Records excerpted from a collection:
-- Opening Marker --
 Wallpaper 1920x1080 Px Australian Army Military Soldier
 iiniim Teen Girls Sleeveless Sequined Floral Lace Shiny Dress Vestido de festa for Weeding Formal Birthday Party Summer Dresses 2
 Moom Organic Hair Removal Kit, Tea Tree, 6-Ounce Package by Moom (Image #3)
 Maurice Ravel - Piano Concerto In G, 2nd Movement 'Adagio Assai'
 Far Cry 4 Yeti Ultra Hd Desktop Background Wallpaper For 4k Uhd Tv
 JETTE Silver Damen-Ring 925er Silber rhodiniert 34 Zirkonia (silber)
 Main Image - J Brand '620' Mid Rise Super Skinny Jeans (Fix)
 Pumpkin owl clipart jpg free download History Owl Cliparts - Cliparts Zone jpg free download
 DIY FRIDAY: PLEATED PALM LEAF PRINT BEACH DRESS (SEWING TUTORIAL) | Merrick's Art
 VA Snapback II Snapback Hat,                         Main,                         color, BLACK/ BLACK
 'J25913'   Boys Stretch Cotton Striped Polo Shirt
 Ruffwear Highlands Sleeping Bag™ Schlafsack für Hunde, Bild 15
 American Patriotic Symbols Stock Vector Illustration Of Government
-- Closing Marker --
What to work on: What is needed is an exact printout of every line from the one with "Ruffwear Highlands Sleeping" through the end of the data, including both, and nothing more.

Worked solution:
 Ruffwear Highlands Sleeping Bag™ Schlafsack für Hunde, Bild 15
 American Patriotic Symbols Stock Vector Illustration Of Government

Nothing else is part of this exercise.